Parallel to the development based on quality control theory is automatic manufacturing technology. From 1940s to 1950s, CNC machine tools were invented and officially commercialized, which played a subversive role in the machining industry and greatly improved the production efficiency and machining accuracy.

The development of microprocessors in the 1970s further reduced the cost of CNC machine tools and made them more widely used. In addition to CNC machine tools, industrial robots have also developed in almost the same period. In 1956, American inventor George dewall and physicist Joseph ingelberg invented the world's first industrial robot, unimate.

With the gradual popularity of NC machine tool technology and integrated circuit, faster and simpler industrial robots can be designed and manufactured. The manpower of industrial manufacturing system is gradually reduced and the degree of automation is higher and higher. However, the field of automation and control science in industry has always been self-contained, and the concern is functionality.

Whether or not a certain machine has the consciousness to design or not, that is, whether or not a certain series of actions can be completed by the machine itself, does not care about whether or not the machine has the consciousness to design or not. Today, control theory has the trend of combining with artificial intelligence. For example, automatic driving technology is an automatic product integrating artificial intelligence.

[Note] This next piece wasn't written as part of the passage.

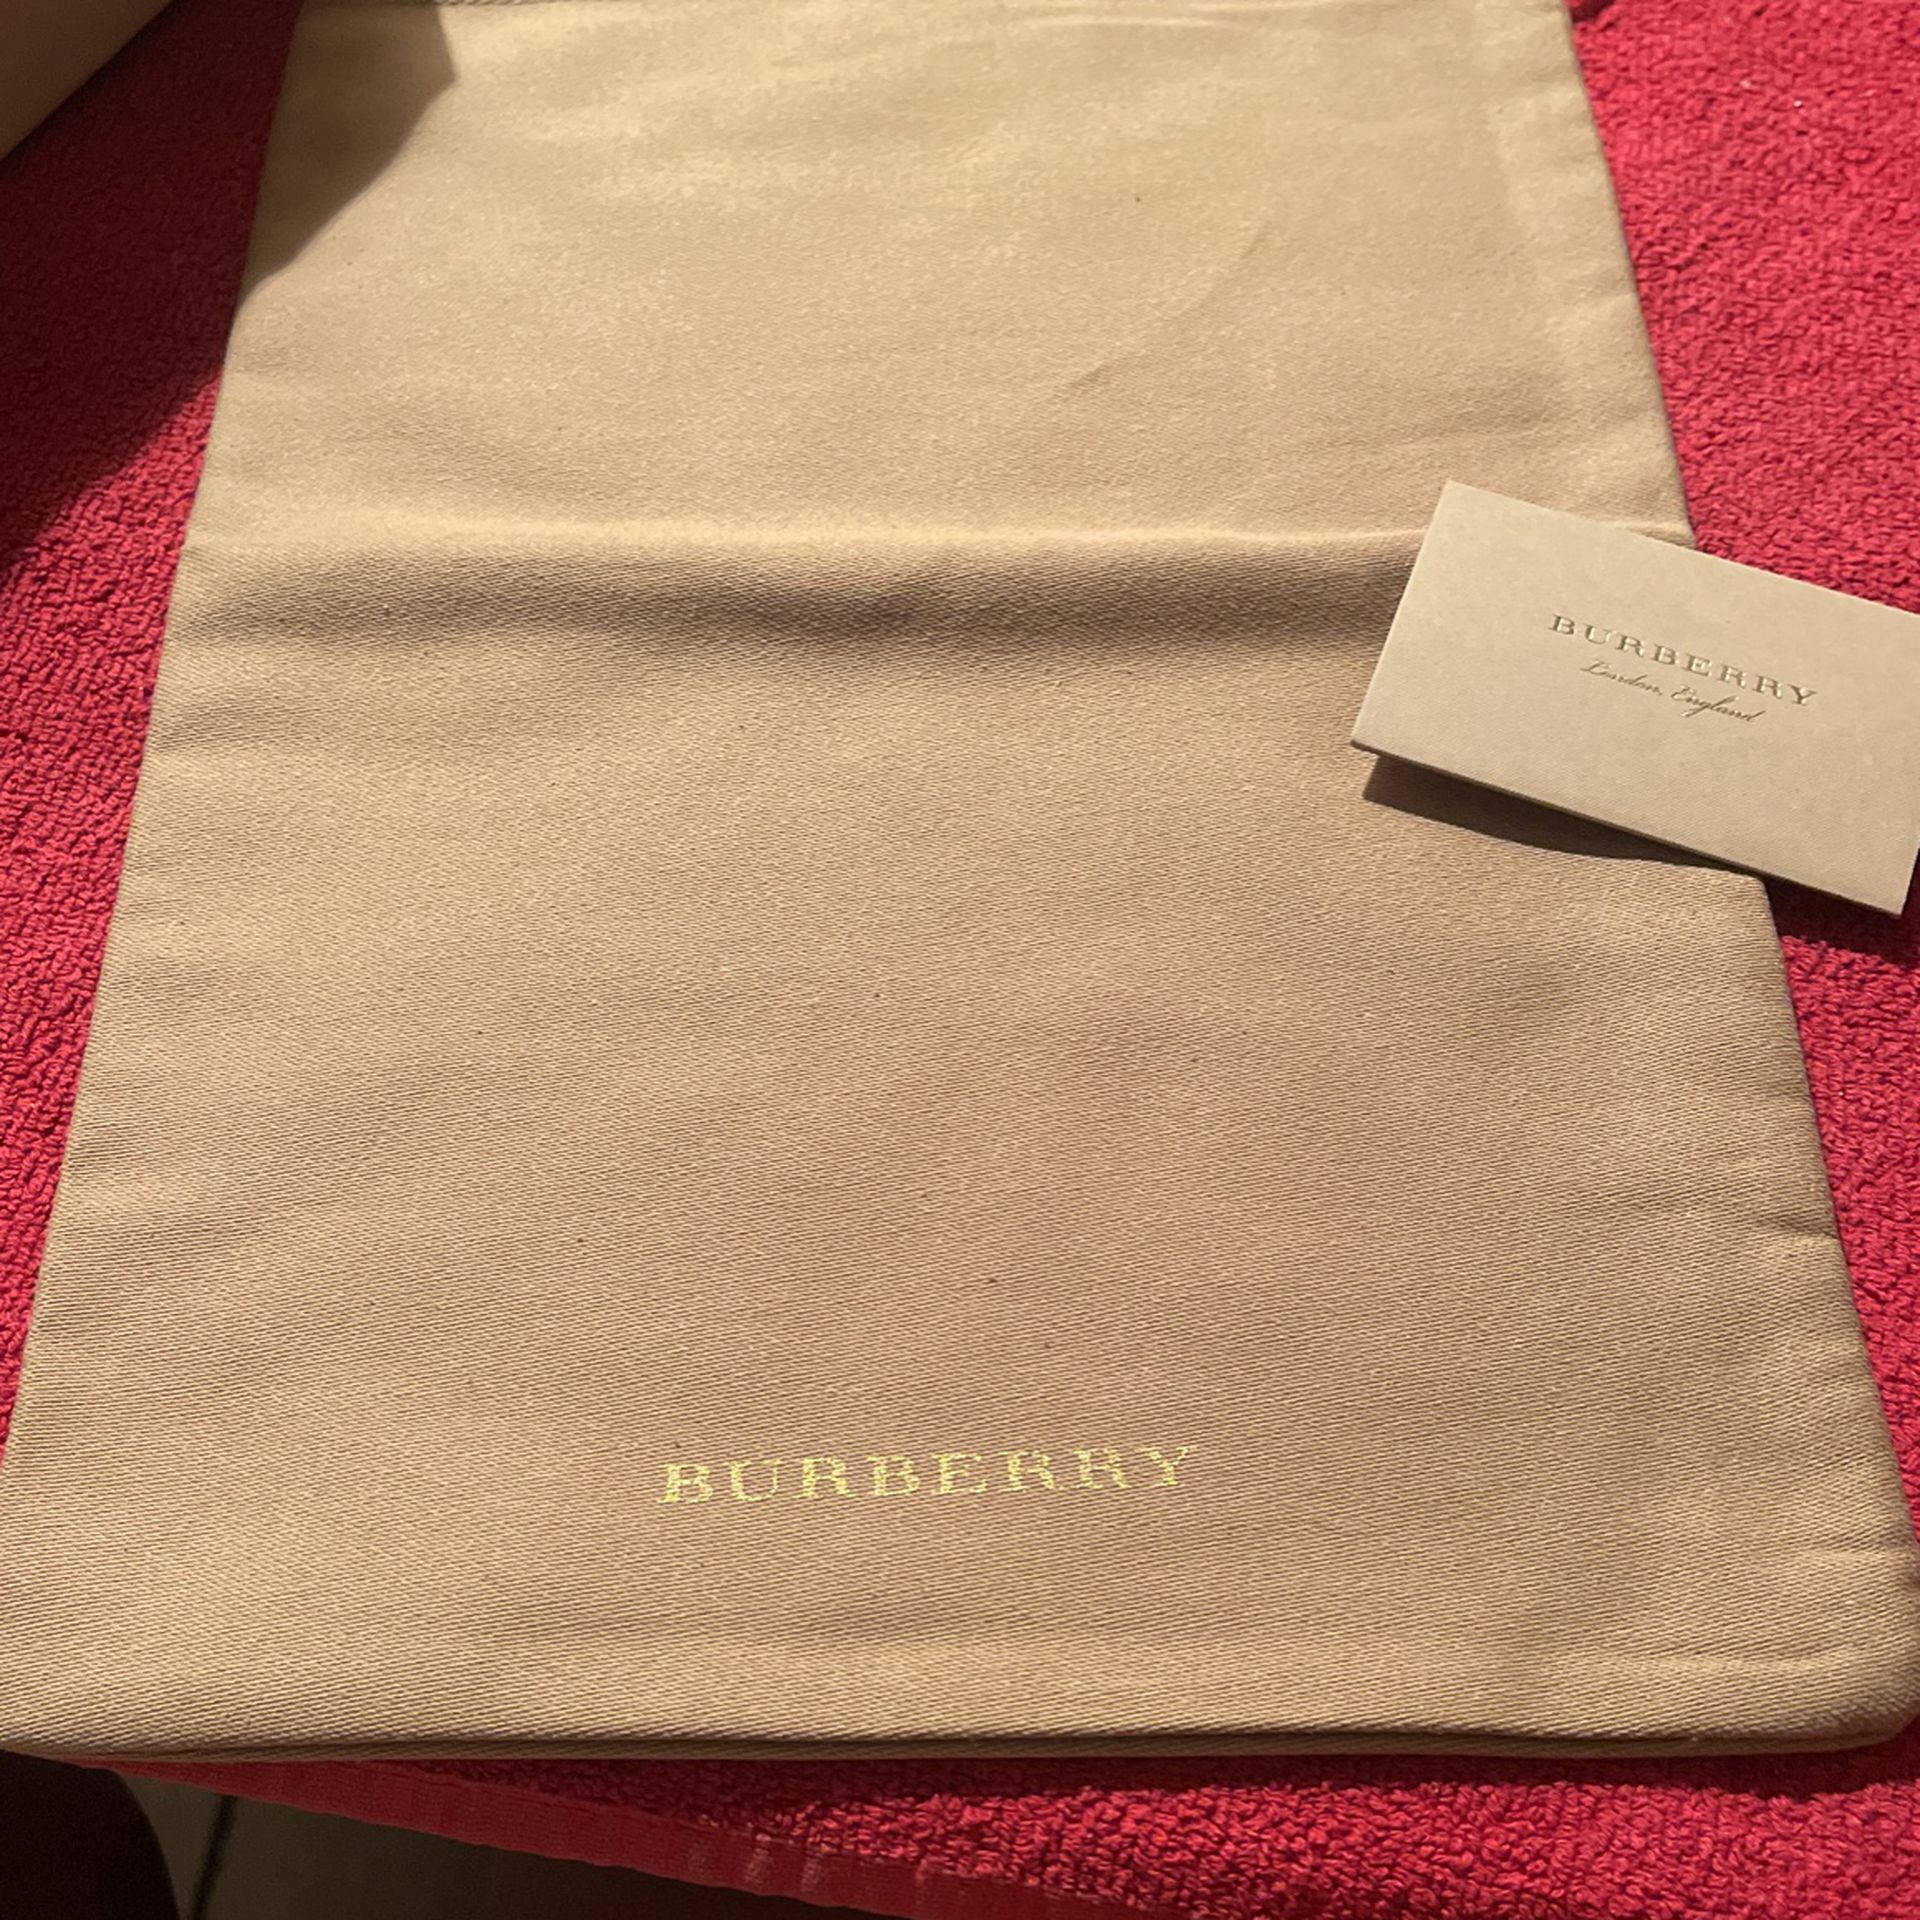  Burberry Dust Bag with Shoe Box

The premise of the concept of "industrial artificial intelligence" is that artificial intelligence technology begins to have the conditions for engineering. If we understand the development history of artificial intelligence, we will find that the mainstream field of artificial intelligence has been divided into two fields: general AI and narrow AI, and the emphasis on the development level of machine ability comparable to or even beyond human general artificial intelligence determines people's attention to the technology in this field of artificial intelligence.

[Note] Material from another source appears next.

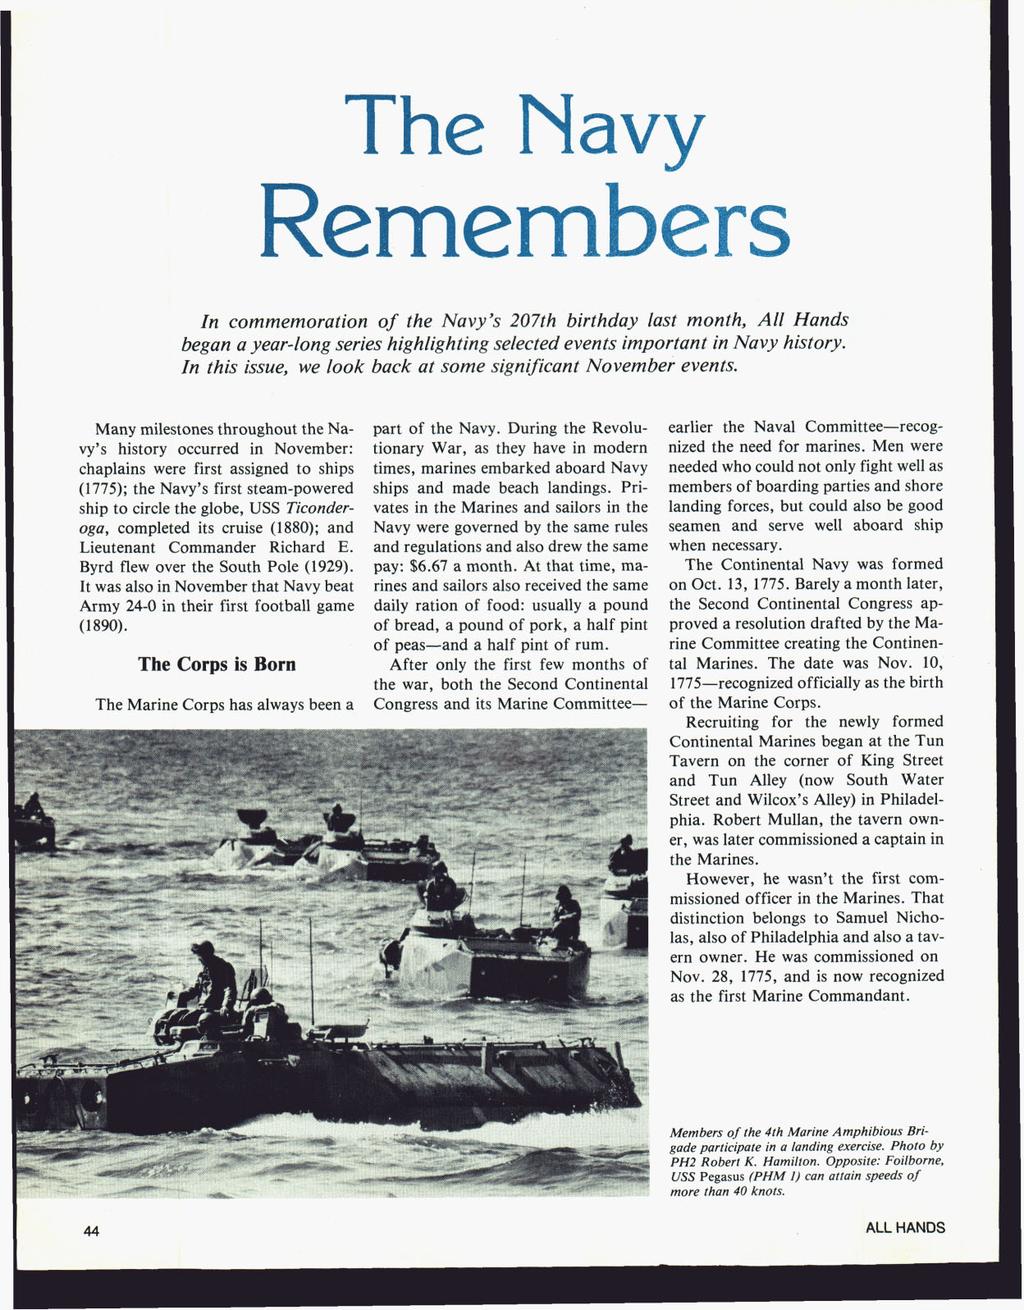 The Navy Remembers In commemoration of the Navy's 207th birthday last month, All Hands began a year-long series highlighting selected events important in Navy history.

The cost of computing and processing unit, the richness, durability and cost of sensors and other hardware infrastructure are the prerequisites for the implementation of artificial intelligence technology. With the increasing maturity of industrial equipment automation, the deployment of a large number of sensors and the improvement of computing power, concepts such as industrial Internet, industrial Internet of things and industry 4.0 begin to emerge one after another. The reason is that the time is ripe. No matter what the future industry will be called, people are ready to embrace change.

However, there is a big challenge to apply industrial artificial intelligence directly to the industrial field, that is, the machine learning model can not train itself with the experience and knowledge in the minds of experts. At the same time, throughout the development history of industrial intelligence, it is only a technical means for enterprises to make industrial systems intelligent.

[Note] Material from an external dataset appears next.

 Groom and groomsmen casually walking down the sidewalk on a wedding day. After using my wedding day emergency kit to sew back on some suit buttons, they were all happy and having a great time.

Even today, improving efficiency, reducing costs and ensuring quality remain the same theme. Therefore, the closer way to landing is to apply narrow AI technology in the industrial field to solve the problems with exact definitions and clear boundaries. AI scientists should combine the domain knowledge and use the data generated by the equipment to train industrial intelligent applications with specific functions and realize the purpose of intellectualization in a specific problem domain.